SONRIE
Risa incómoda. Así conocí a Jane. Parece mentira que un gesto tan simple pueda crear una relación tan compleja. Se levanta de la tercera silla empezando por la derecha de la fila delantera a la mía, se sienta a mi lado y empezamos a hablar durante un largo tiempo, hasta que nos vemos brevemente interrumpidos por el director general de la Astrogenesis-69, que, haciendo su rotundo y clásico saludo militar, me da la bienvenida a la misión más importante de la humanidad sin tener que pasar por una sola entrevista, para mi alivio y el de mi vergüenza bloqueante. Jane me mira, y yo a ella y… Alden chasquea sus jóvenes dedos frente a mi rostro. Vaya, visto está que de nuevo he caído en un bloqueo mental. Pienso: ¿Tanto se me nota cuando imagino mi vida perfecta?
He imaginado esta escena de mil formas distintas en unas décimas de segundo. Bien, de hecho, una relación compleja no ha sido. Nos conocemos desde hace apenas dos minutos, pero estoy convencido de que sí lo será. De hecho, relación tampoco. Le he sonreído a unos tres metros de distancia y creo que me ha visto y me ha devuelto la sonrisa. He sido bastante estúpido cuando he fijado la vista, avergonzado, a la puerta con el dorado rótulo escrito “Despacho directivo”, sin que nadie saliera de ella. No había muchas cosas que mirar en aquella sala. Todo era blanco: las sillas, el pulido suelo, las paredes, el marco de la puerta… La puerta no. Es negra, creo que para darle importancia o algún derivado. Sé su nombre por la placa brillante que porta en su chaqueta elegante verde militar. No estamos solos, ya que Alden se encuentra a mi lado. Alden es el típico amigo que me mira fijamente cuando sabe que me incomoda. Sí, parece extraño, pero lo estaba haciendo, directamente, sin rodeos. Sabía lo de Jane seguro. Ella se retoca su pelo castaño brillante como si de un concurso de incomodidad se tratara. Para mí claro, ya rojo como el mismo sol.

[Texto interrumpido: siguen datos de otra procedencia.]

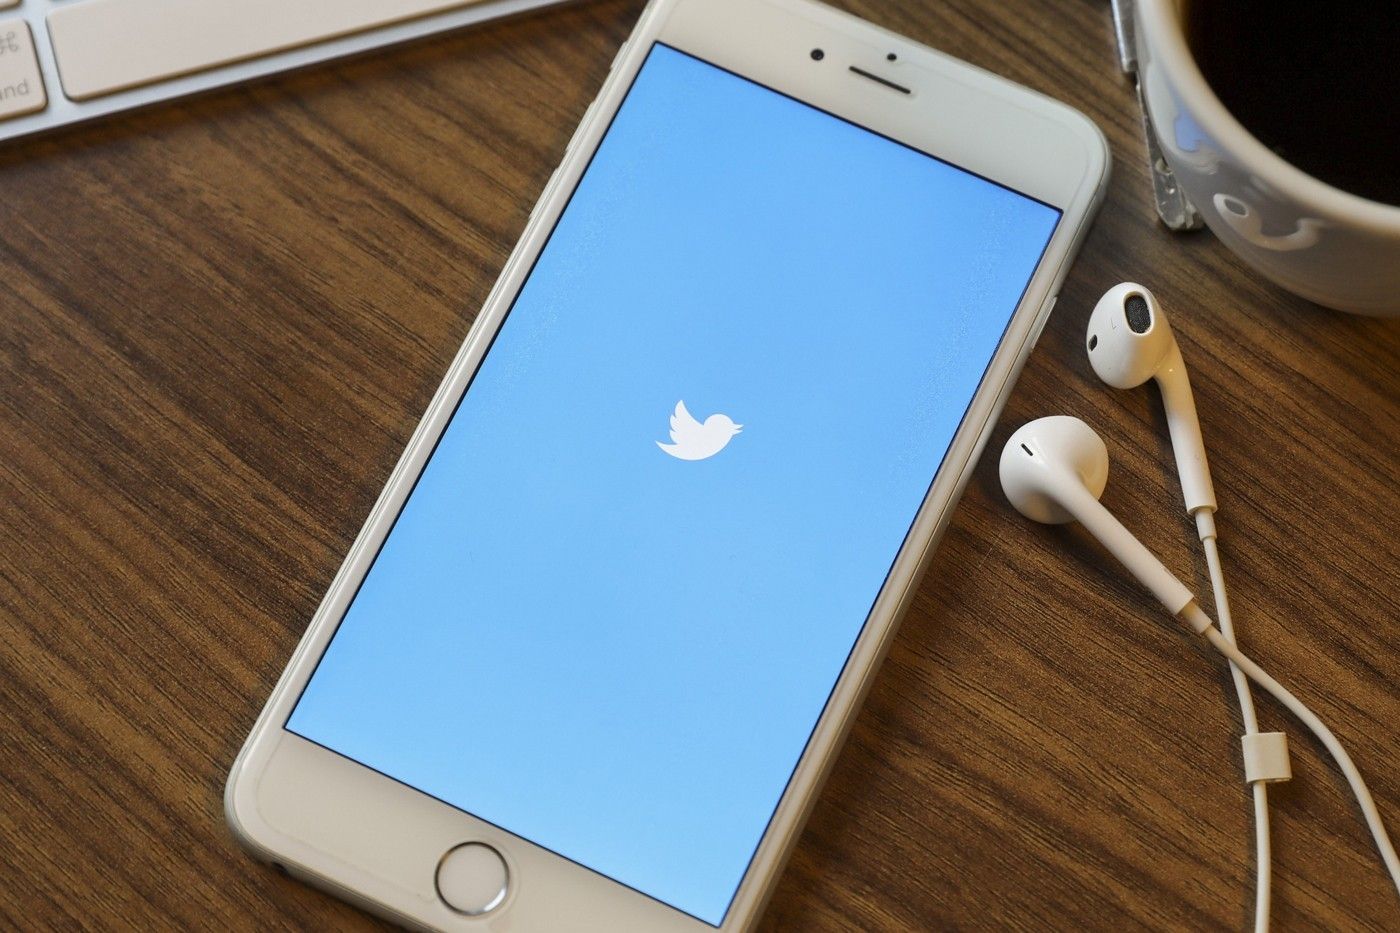 Los tweets de audio ya están disponibles en dispositivos iOS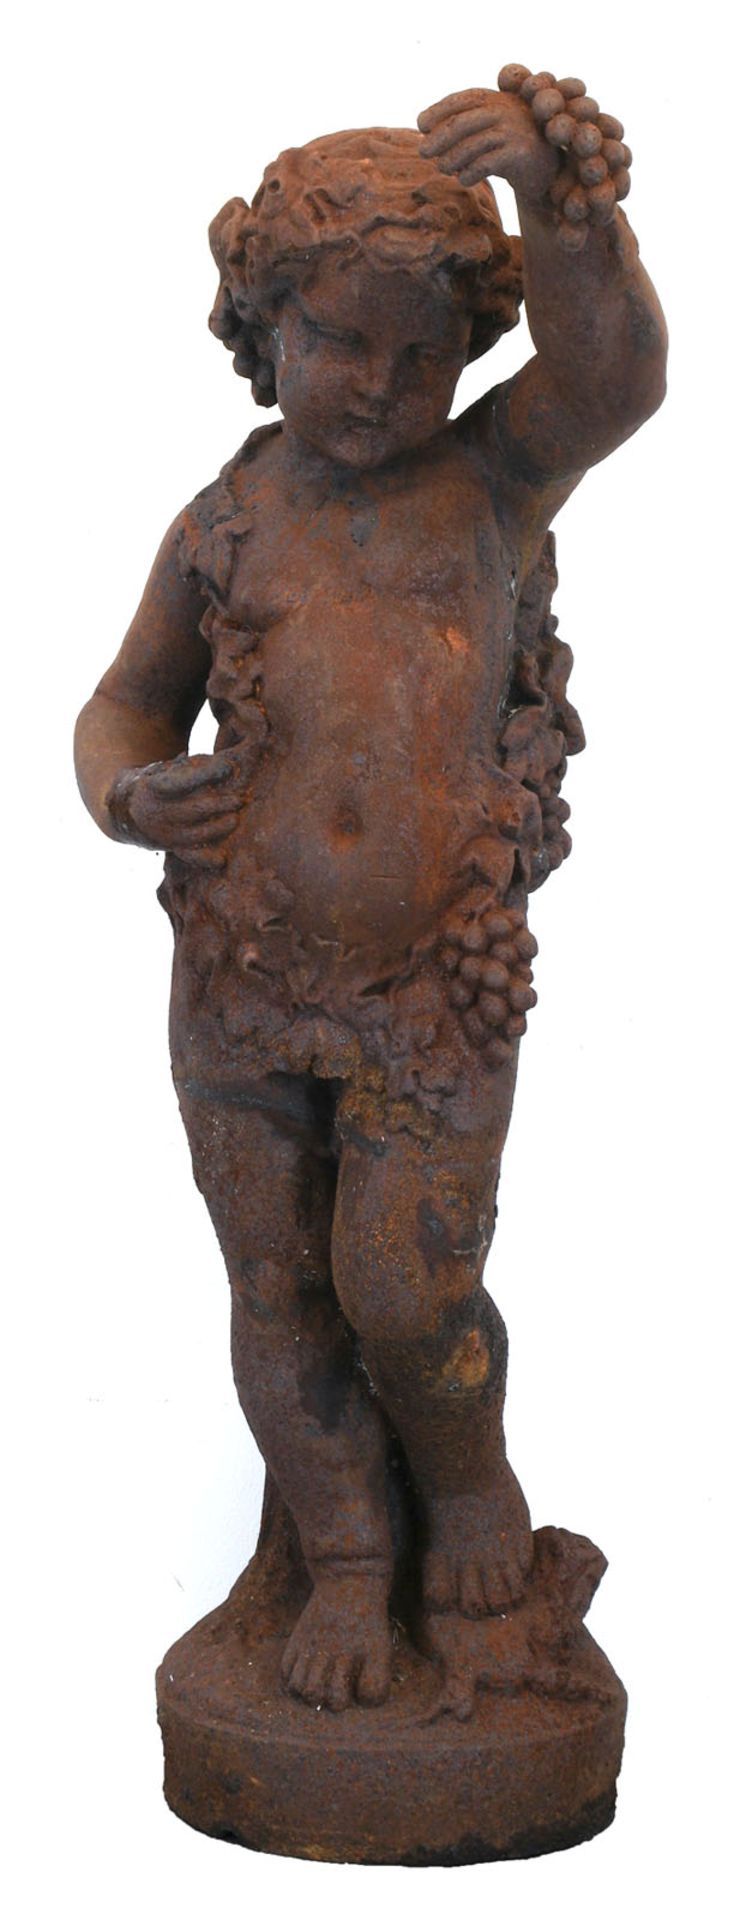 Große Gartenfigur "Bacchus", 19. Jh., Eisenguß, korrodiert, H. 137 cm, Dm. 50 cm

Para mi fortuna, se abre por fin la puerta (esta vez de verdad) del director general, del que en vez de salir él, sale uno de sus principales ejecutivos: James Mullet. Un hombre de negocios multimillonario que se casa por quinta vez en febrero. Este no nos presta atención. Obviamente, su tiempo vale más oro del que podríamos pagar para que nos mirase. Aun así, tensiona el ambiente con su paso firme de tacón (llevaba zapatos de suela de cuero) hasta tal punto en que a Alden le da un inoportuno ataque de carrasposa tos seca. De aquellos que parecen que no tendrán fin. Sin embargo, milagrosamente, este se corta de forma abrupta con una llamada poco enérgica proveniente del despacho. La puerta se había quedado abierta y Jane se había fijado inconscientemente en el interior de la sala, retrocediendo repentinamente tras sus erróneos pasos, supongo tras ver que el “jefe” había descubierto su espionaje momentáneo.
Liam Peterson. Ese es mi nombre. Tiene muchas variaciones y formalizaciones. En este caso me había nombrado por el carnet de identidad, pero soy cómodamente llamado Li (como me llama Alden) e incómodamente William (en la cena de Navidad). Un tranquilizador sentido en el hombro, indicando el apoyo de mi mejor amigo. Tres inspiraciones profundas. Cuatro espiraciones cortas y un torpe alzamiento de la silla con que no me caigo yo, sino parte de mi ser. Voy dejando huellas fangosas alteradamente exageradas por el blanco y ya no pulido suelo, hasta la misma entrada del futuro de mi vida. Cierro la puerta firmemente y esta resuena demasiado entre aquellas nítidas paredes durante varios segundos. Mi intención no era dar un portazo, pero la ventana abierta del lugar con intención de refrescar el ambiente veraniego tenía otros planes para mi primera impresión.